CONTENT_NODES ||--o| IMAGE_ATTRIBUTES : "details"
CONTENT_NODES {
int id PK
string node_type
text content_hash
vector embedding
tsvector fts
}
CONTENT_RELATIONSHIPS {
int id PK
int source_id FK
int target_id FK
string rel_type
}
The platform employs a multi-stage Agentic RAG pipeline to ensure data accuracy and relevance:
- Intent Analysis — determines optimal retrieval strategy (General Search, Image Retrieval, or Database Querying)
- Query Expansion — uses HyDE (Hypothetical Document Embeddings) and multi-query rewriting to improve search coverage
- Vector Search — mathematical similarity search using pgvector (Cosine Similarity)
- Full-Text Search (FTS) — complements vector search with PostgreSQL lexical keyword matching
- Dynamic SQL Generation — for bug tracking requests, AI generates and executes optimized SQL against Mantis DB
- Semantic Re-ranking — re-evaluates top-k results using a cross-encoder model to surface the most relevant information
- Contextual Synthesis — aggregates retrieved documents into a structured context for final answer generation, grounded in verified data
Designed to operate within constrained hardware environments (e.g., 16 GB VRAM):
- Dynamic Model Swapping — loads and unloads models (Embeddings, Re-rankers, LLMs) from GPU memory on demand to prevent OOM errors
- Response Streaming — streams tokens and internal "Thought" steps to the client in real-time via Server-Sent Events (SSE)
- Intelligent Caching — caches embeddings and common query results to minimize redundant AI processing
The project is fully containerized and ready for enterprise deployment:
- Containerization — optimized multi-stage Docker builds for minimal image size
- Orchestration — deployment-ready configurations for Kubernetes (K8s)

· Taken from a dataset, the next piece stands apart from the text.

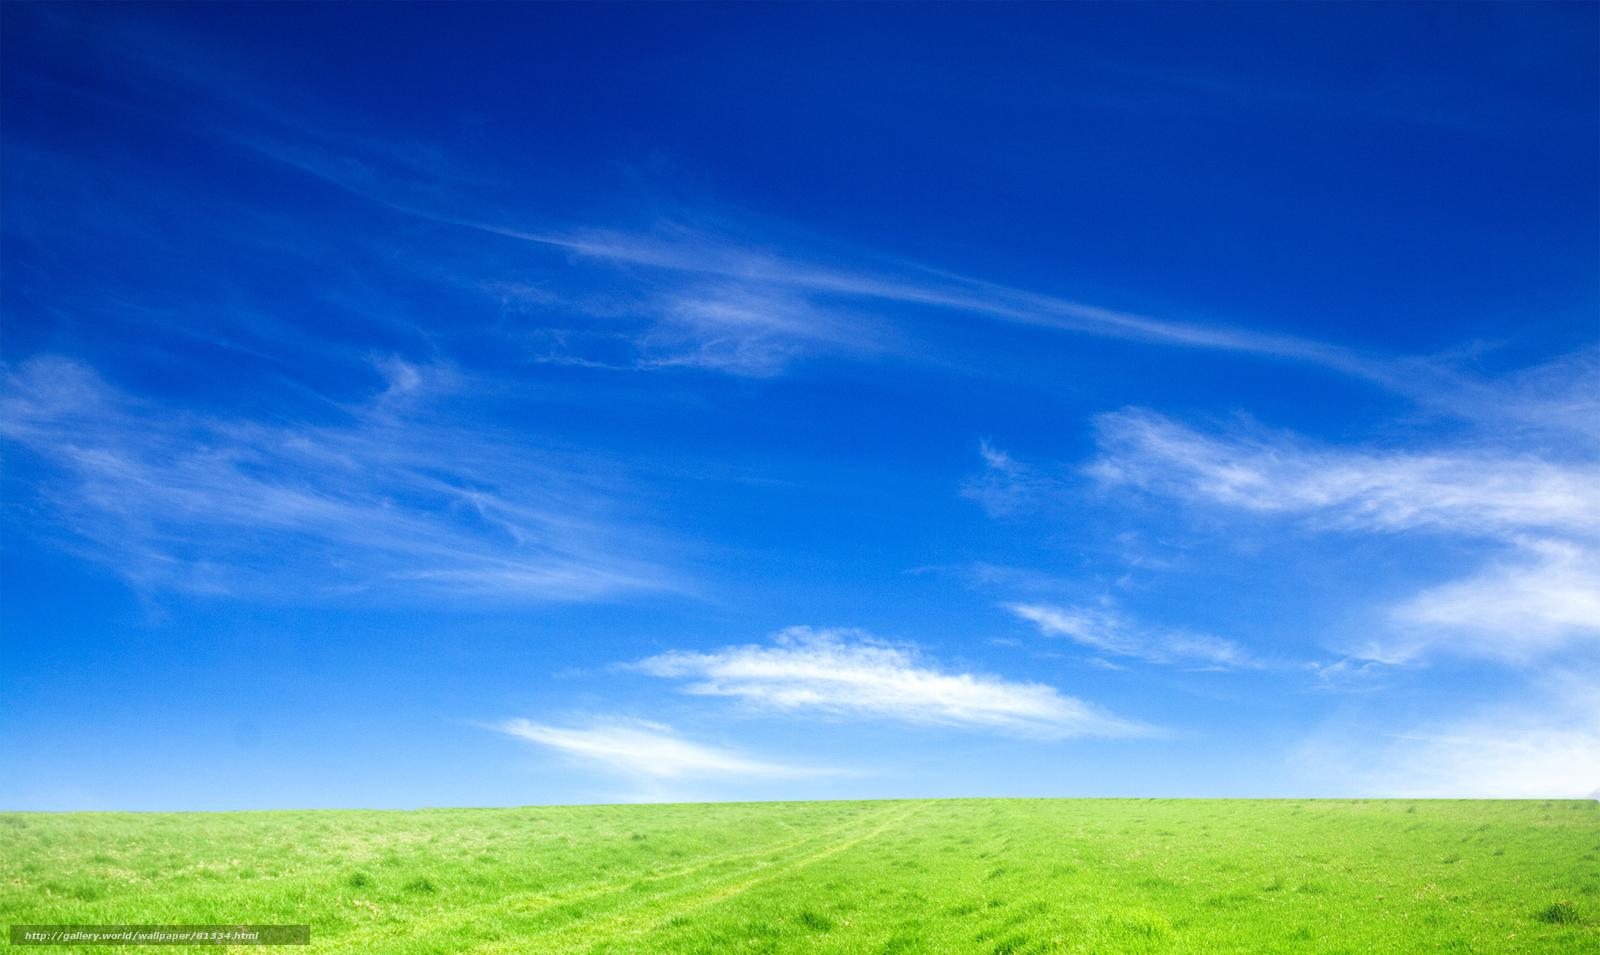 Descargar gratis Paisajes,  Papel pintado,  Naturaleza,  cielo Fondos de escritorio en la resolucin 2100x1254 — imagen №81334

- CI/CD Pipeline — fully automated GitLab CI/CD pipelines for building, testing, and deploying to staging and production environments
| Requirement | Minimum |
|---|---|
| GPU VRAM | 16 GB (NVIDIA recommended) |
| RAM | 32 GB |
| Docker | 24+ |
| Ollama | Latest |
| PostgreSQL | 15+ with pgvector extension |
| MySQL | 8.0+ (for Mantis integration) |
This project is licensed under the MIT License.